Pyright, ty and Pyrefly keep no cross-run result cache — a repeat run is a cold run — so
they are measured cold-only. zuban is cold-only too, but its mypy mode reuses a ./.mypy_cache
when present, so we delete that cache before each timed run to keep the measurement honestly cold.
Fair strictness
mypy runs with --strict and zuban runs as zuban mypy --strict, because the
fixtures exercise strict-mode analysis — without it those tools report “no issues” on
the strictness fixtures and would not be doing comparable work. Basilisk, Pyright, ty and Pyrefly are
run in their default checking mode.
What this does and doesn’t show
These are cold, full-file CLI runs. They reflect batch/CI checking, not warm incremental editor latency: inside the LSP, an edit re-checks only the file you touched and its importers, so interactive re-checks do strictly less work than any number here. Throughput on a single small fixture is also not the same as throughput on a large real codebase.
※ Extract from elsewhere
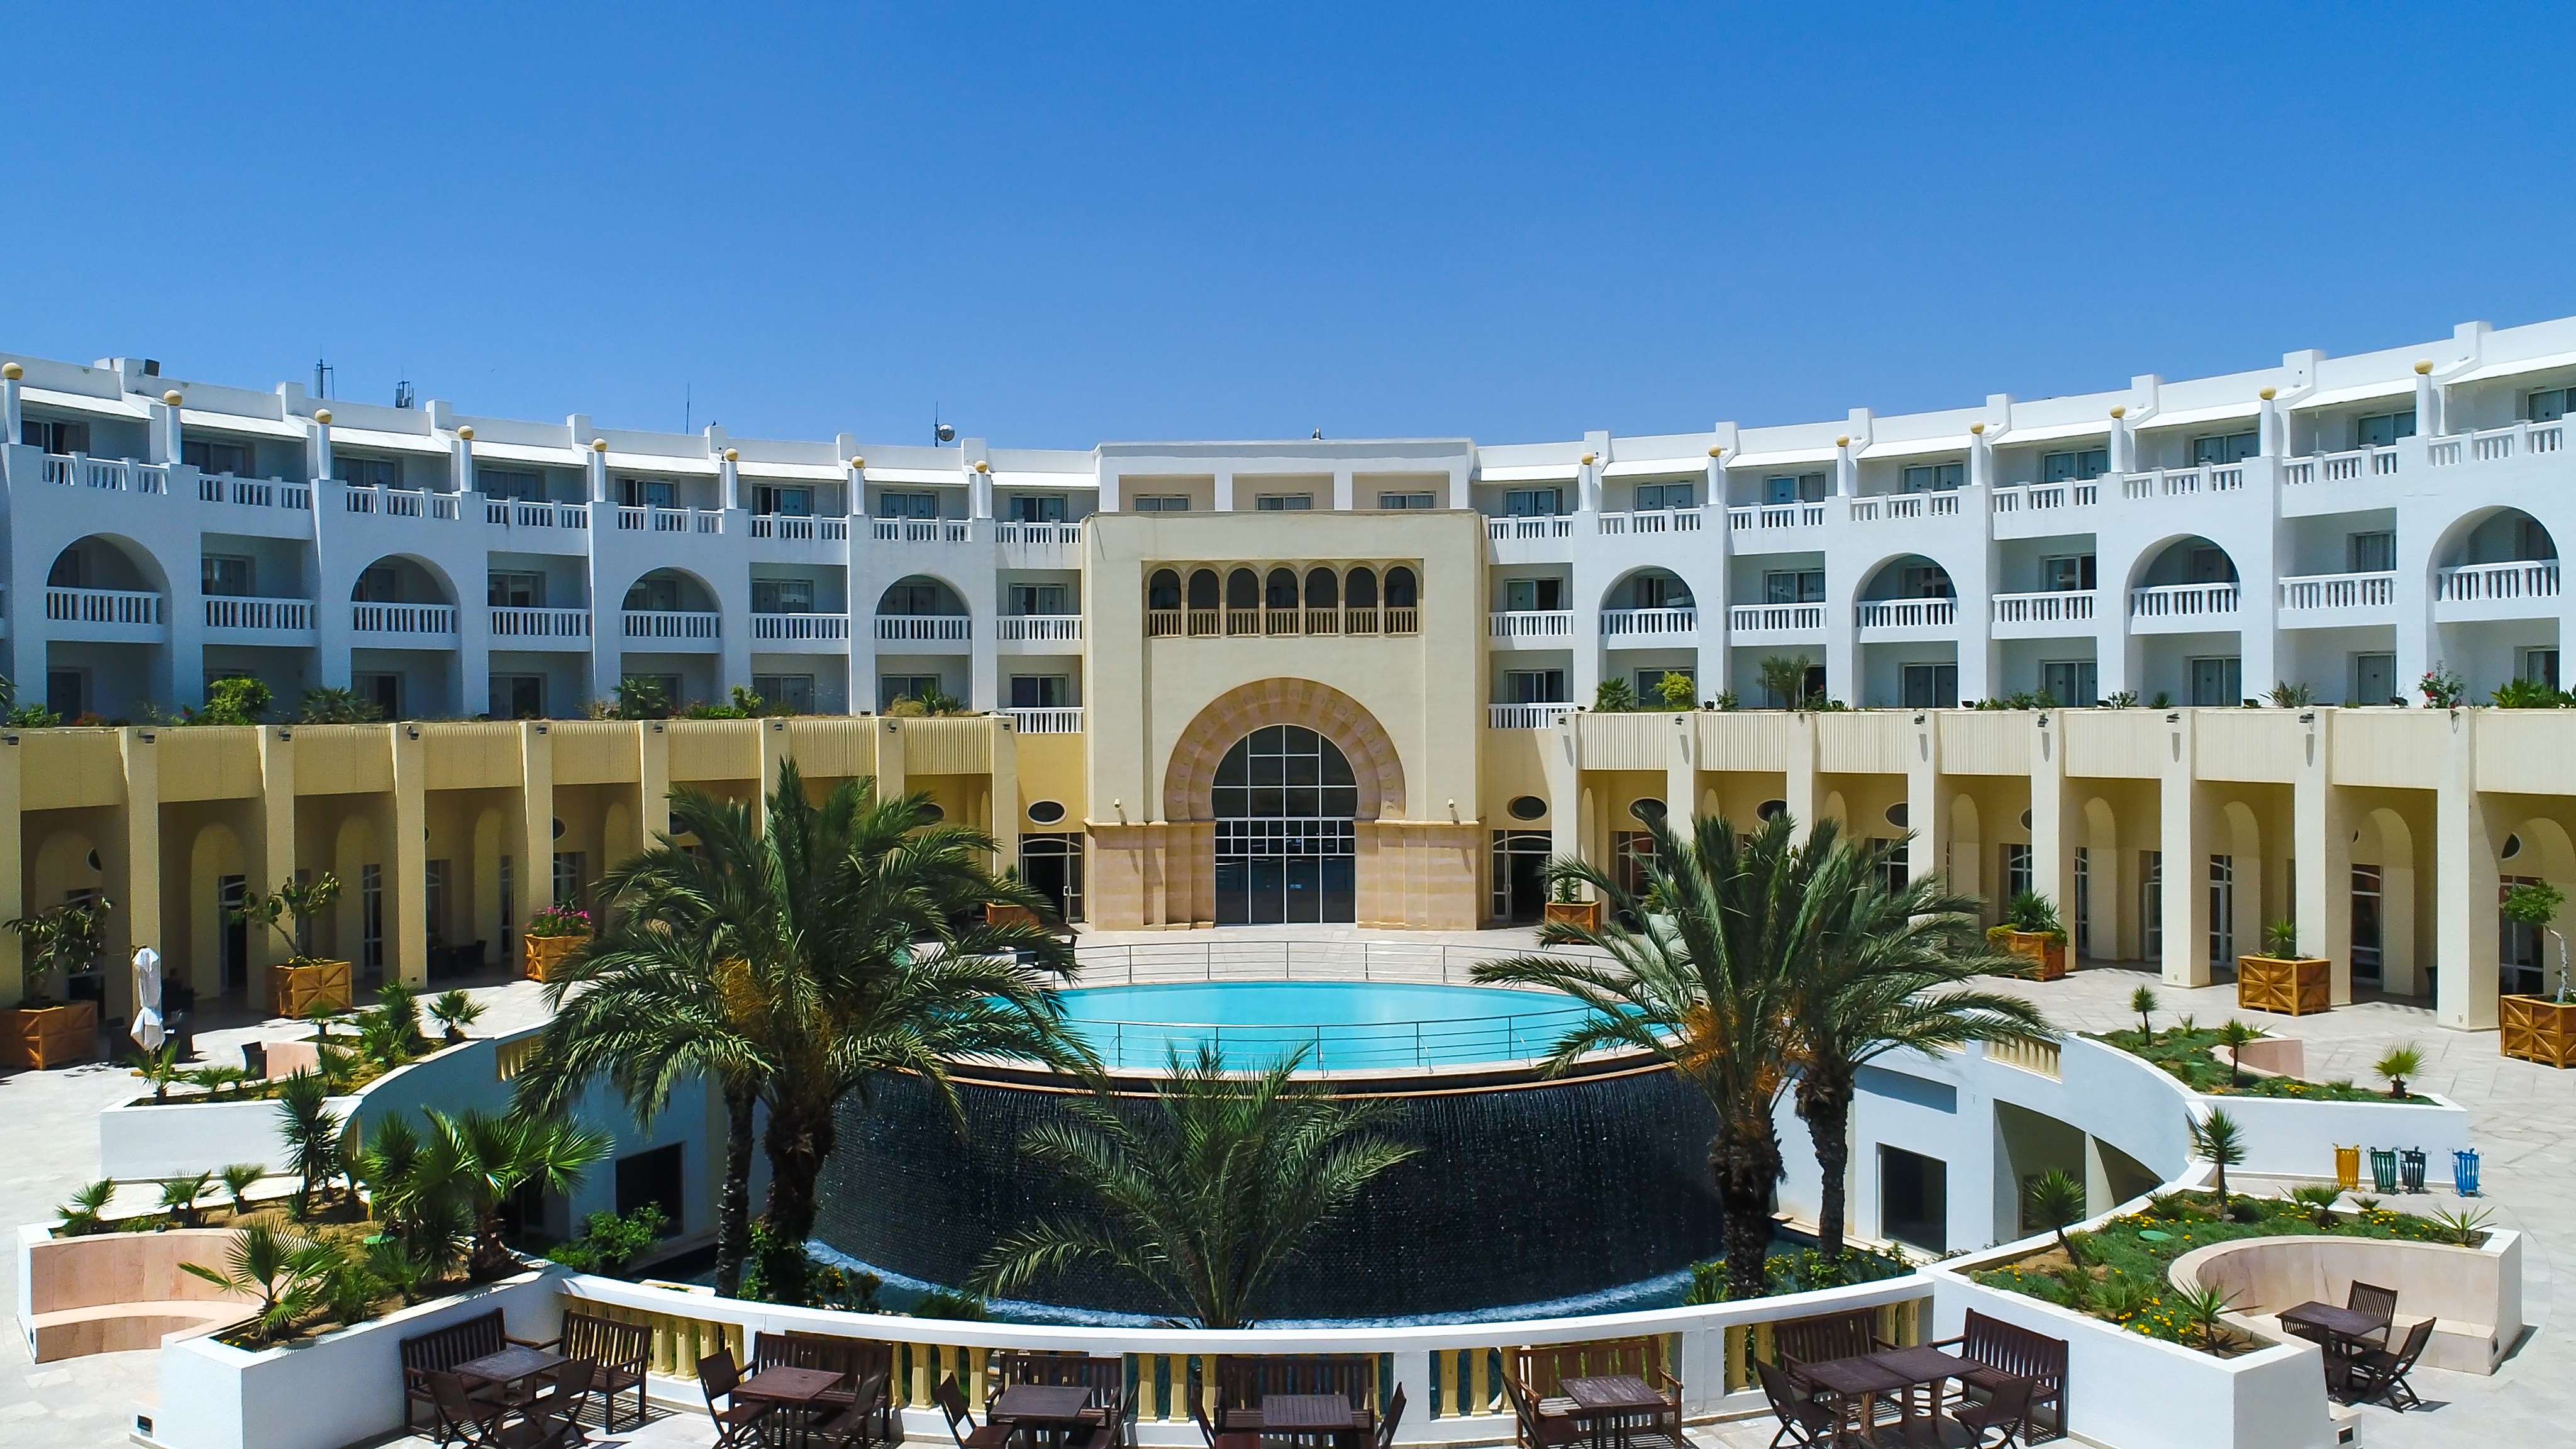 Départ demain Tunisie Hammamet Hôtel Medina Solaria et Thalasso 5*- cure thalasso incluse

Reproduce any of this yourself with make bench. The raw results are committed to the
repository under benchmarks/status/<machine>.csv; this page renders the
darwin-arm64-apple-m4-max machine. Competitor PEP-conformance context lives in the
type-checker comparison, and Pyrefly’s own throughput figure
(1.85M LOC/sec on 166-core Meta infrastructure) is published at
pyrefly.org.